For SyncRepWaitForLSN, if a query cancel interrupt arrives, we just terminate the wait

with suitable warning. As follows:

a. set QueryCancelPending to false

b. errport outputs one warning

c. calls SyncRepCancelWait to delete one element from the queue

If another cancel interrupt arrives when we are outputting warning at step b, the errfinish

will call CHECK_FOR_INTERRUPTS that will output an ERROR, such as "canceling autovacuum

task", then the process will jump to the sigsetjmp. Unfortunately, the step c will be skipped

and the element that should be deleted by SyncRepCancelWait is remained.

The easiest way to fix this is to swap the order of step b and step c. On the other hand,

let sigsetjmp clean up the queue may also be a good choice. What do you think?

Attached the patch, any feedback is greatly appreciated.

Best regards,

Dongming Liu

Attachment

0001-Fix-two-bugs-for-synchronous-replication.patch

Re: Problem with synchronous replication

From

"Dongming Liu"

Date:

29 October 2019, 05:40:41

Can someone help me to confirm that these two problems are bugs?

If they are bugs, please help review the patch or provide better fix suggestions.

Thanks.

Best regards,

Dongming Liu

------------------------------------------------------------------
From:LIU Dongming <lingce.ldm@alibaba-inc.com>
Sent At:2019 Oct. 25 (Fri.) 15:18
To:pgsql-hackers <pgsql-hackers@postgresql.org>
Subject:Problem with synchronous replication

Hi,

I recently discovered two possible bugs about synchronous replication.

1. SyncRepCleanupAtProcExit may delete an element that has been deleted
SyncRepCleanupAtProcExit first checks whether the queue is detached, if it is not detached,
acquires the SyncRepLock lock and deletes it. If this element has been deleted by walsender,
it will be deleted repeatedly, SHMQueueDelete will core with a segment fault.

IMO, like SyncRepCancelWait, we should lock the SyncRepLock first and then check
whether the queue is detached or not.

2. SyncRepWaitForLSN may not call SyncRepCancelWait if ereport check one interrupt.
For SyncRepWaitForLSN, if a query cancel interrupt arrives, we just terminate the wait
with suitable warning. As follows:

a. set QueryCancelPending to false
b. errport outputs one warning
c. calls SyncRepCancelWait to delete one element from the queue

If another cancel interrupt arrives when we are outputting warning at step b, the errfinish
will call CHECK_FOR_INTERRUPTS that will output an ERROR, such as "canceling autovacuum
task", then the process will jump to the sigsetjmp.
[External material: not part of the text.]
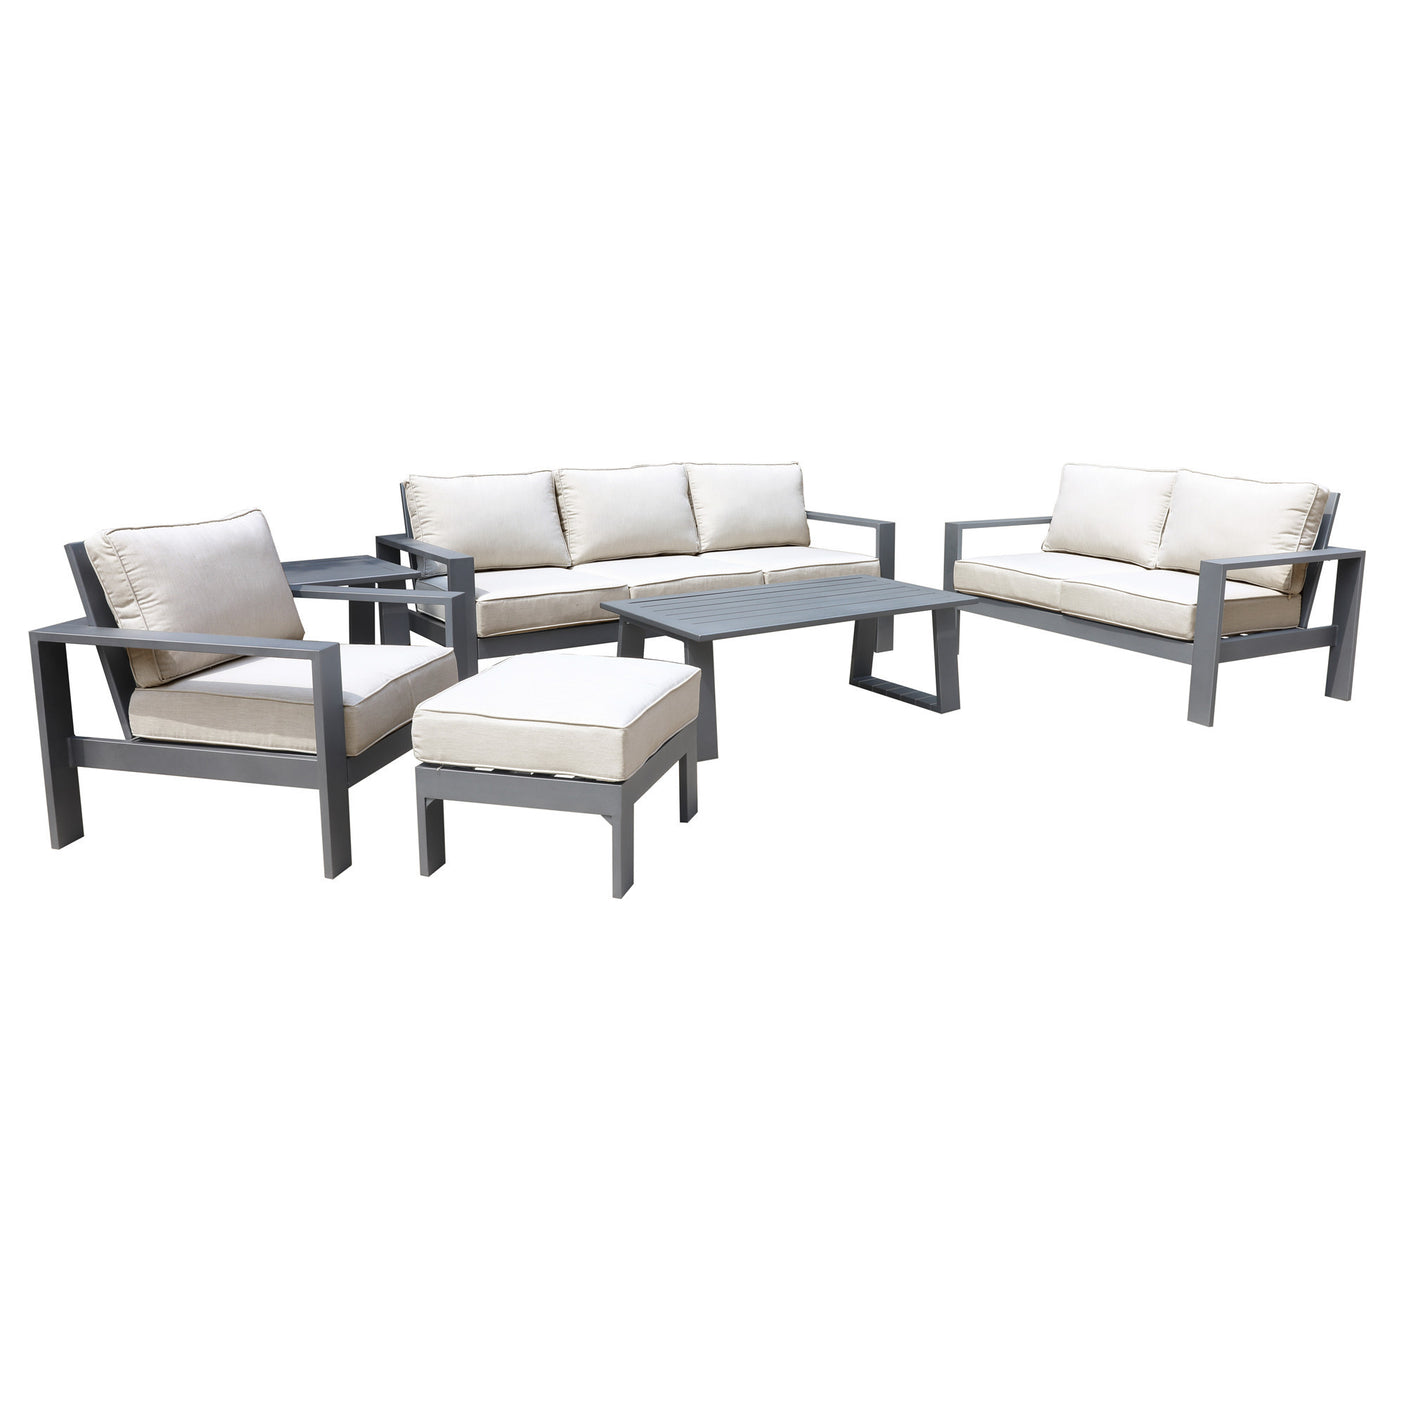 6 Piece Sofa Seating Group with Cushions, Powdered Pewter

Unfortunately, the step c will be skipped
and the element that should be deleted by SyncRepCancelWait is remained.

The easiest way to fix this is to swap the order of step b and step c. On the other hand,
let sigsetjmp clean up the queue may also be a good choice. What do you think?

Attached the patch, any feedback is greatly appreciated.

Best regards,
--
Dongming Liu

Re: Problem with synchronous replication

From

Kyotaro Horiguchi

Date:

29 October 2019, 10:50:01

Hello.

At Fri, 25 Oct 2019 15:18:34 +0800, "Dongming Liu" <lingce.ldm@alibaba-inc.com> wrote in 
> 
> Hi,
> 
> I recently discovered two possible bugs about synchronous replication.
> 
> 1. SyncRepCleanupAtProcExit may delete an element that has been deleted
> SyncRepCleanupAtProcExit first checks whether the queue is detached, if it is not detached, 
> acquires the SyncRepLock lock and deletes it. If this element has been deleted by walsender, 
> it will be deleted repeatedly, SHMQueueDelete will core with a segment fault. 
> 
> IMO, like SyncRepCancelWait, we should lock the SyncRepLock first and then check
> whether the queue is detached or not.

I think you're right here.

> 2. SyncRepWaitForLSN may not call SyncRepCancelWait if ereport check one interrupt.
> For SyncRepWaitForLSN, if a query cancel interrupt arrives, we just terminate the wait 
> with suitable warning. As follows:
> 
> a. set QueryCancelPending to false
> b. errport outputs one warning
> c. calls SyncRepCancelWait to delete one element from the queue
> 
> If another cancel interrupt arrives when we are outputting warning at step b, the errfinish
> will call CHECK_FOR_INTERRUPTS that will output an ERROR, such as "canceling autovacuum
> task", then the process will jump to the sigsetjmp. Unfortunately, the step c will be skipped
> and the element that should be deleted by SyncRepCancelWait is remained.
> 
> The easiest way to fix this is to swap the order of step b and step c. On the other hand, 
> let sigsetjmp clean up the queue may also be a good choice. What do you think?
> 
> Attached the patch, any feedback is greatly appreciated.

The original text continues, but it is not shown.